How have all the factors above been brought together to estimate a fair value?
  • The analysts have a consensus price target of A$1.84 for Appen based on their expectations of its future earnings growth, profit margins and other risk factors. However, there is a degree of disagreement amongst analysts, with the most bullish reporting a price target of A$2.7, and the most bearish reporting a price target of just A$0.55.
  • In order for you to agree with the analyst's consensus, you'd need to believe that by 2028, revenues will be $307.4 million, earnings will come to $3.5 million, and it would be trading on a PE ratio of 144.0x, assuming you use a discount rate of 8.2%.
  • Given the current share price of A$1.18, the analyst price target of A$1.84 is 35.9% higher.
  • We always encourage you to reach your own conclusions though. So sense check these analyst numbers against your own assumptions and expectations based on your understanding of the business and what you believe is probable.

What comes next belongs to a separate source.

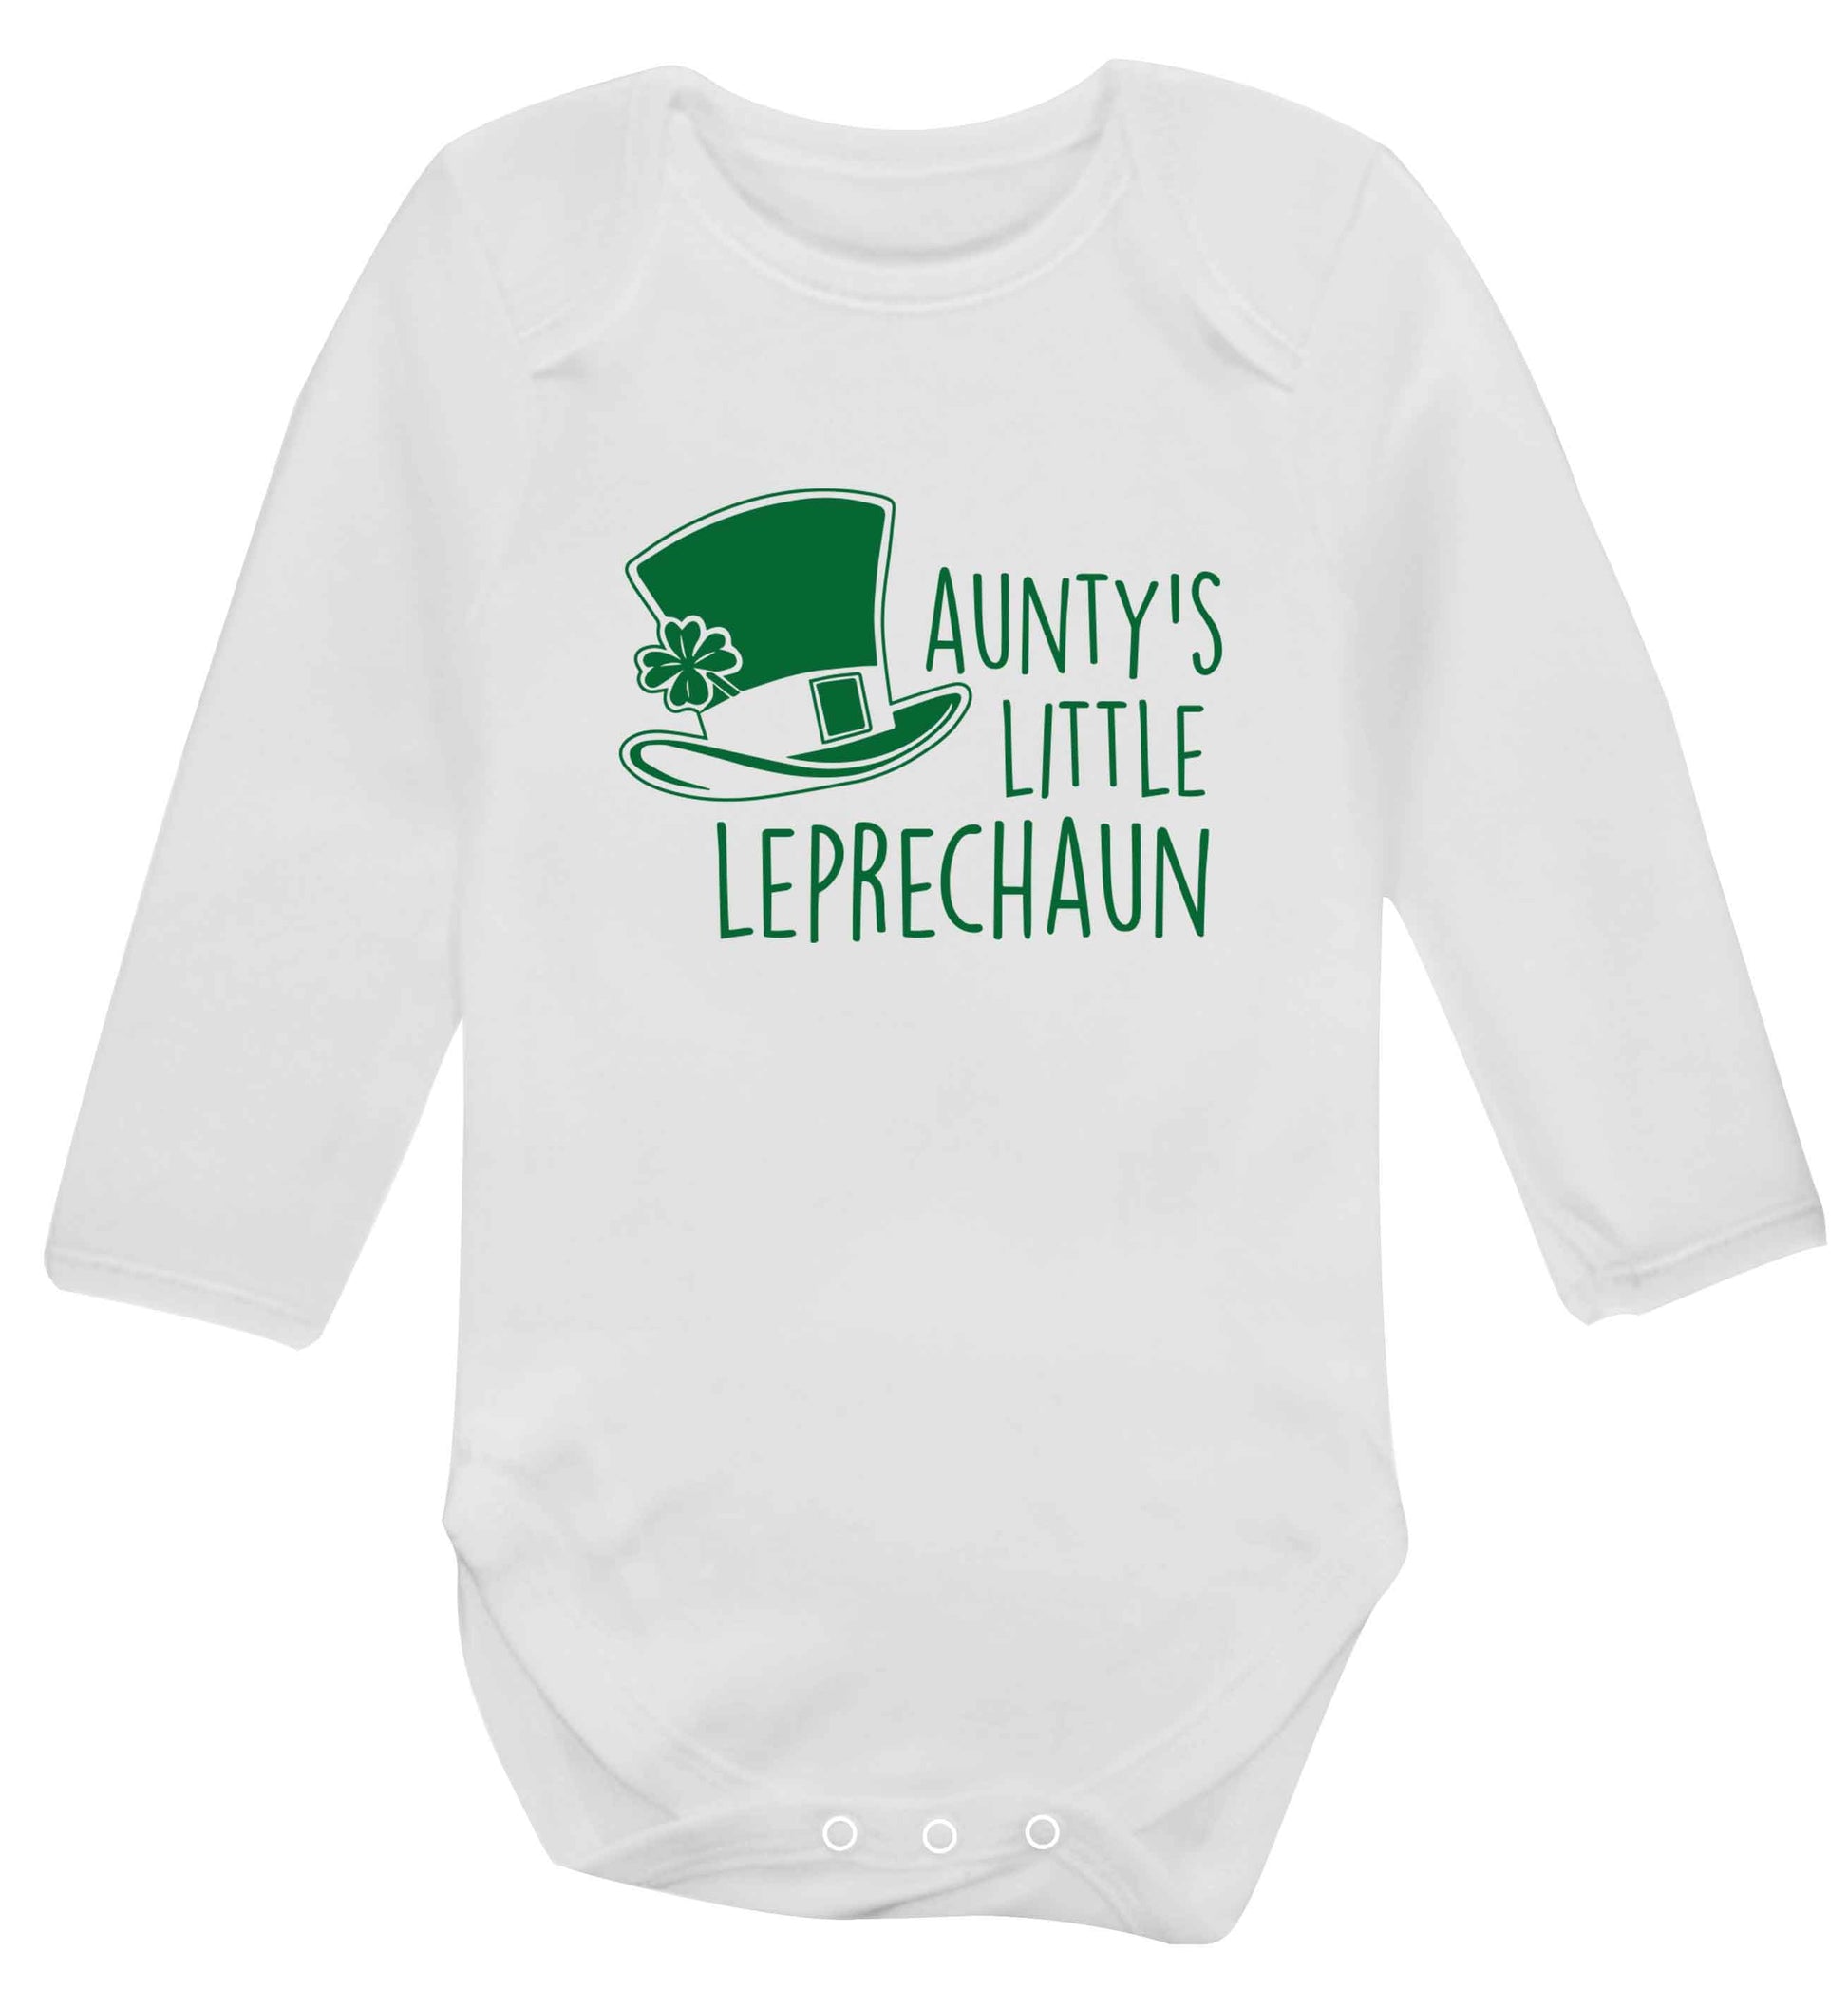 Aunty's little leprechaun baby vest long sleeved white 6-12 months

How well do narratives help inform your perspective?

Disclaimer

AnalystConsensusTarget is a tool utilizing a Large Language Model (LLM) that ingests data on consensus price targets, forecasted revenue and earnings figures, as well as the transcripts of earnings calls to produce qualitative analysis. The narratives produced by AnalystConsensusTarget are general in nature and are based solely on analyst data and publicly-available material published by the respective companies. These scenarios are not indicative of the company's future performance and are exploratory in nature. Simply Wall St has no position in the company(s) mentioned. Simply Wall St may provide the securities issuer or related entities with website advertising services for a fee, on an arm's length basis. These relationships have no impact on the way we conduct our business, the content we host, or how our content is served to users. The price targets and estimates used are consensus data, and do not constitute a recommendation to buy or sell any stock, and they do not take account of your objectives, or your financial situation. Note that AnalystConsensusTarget's analysis may not factor in the latest price-sensitive company announcements or qualitative material.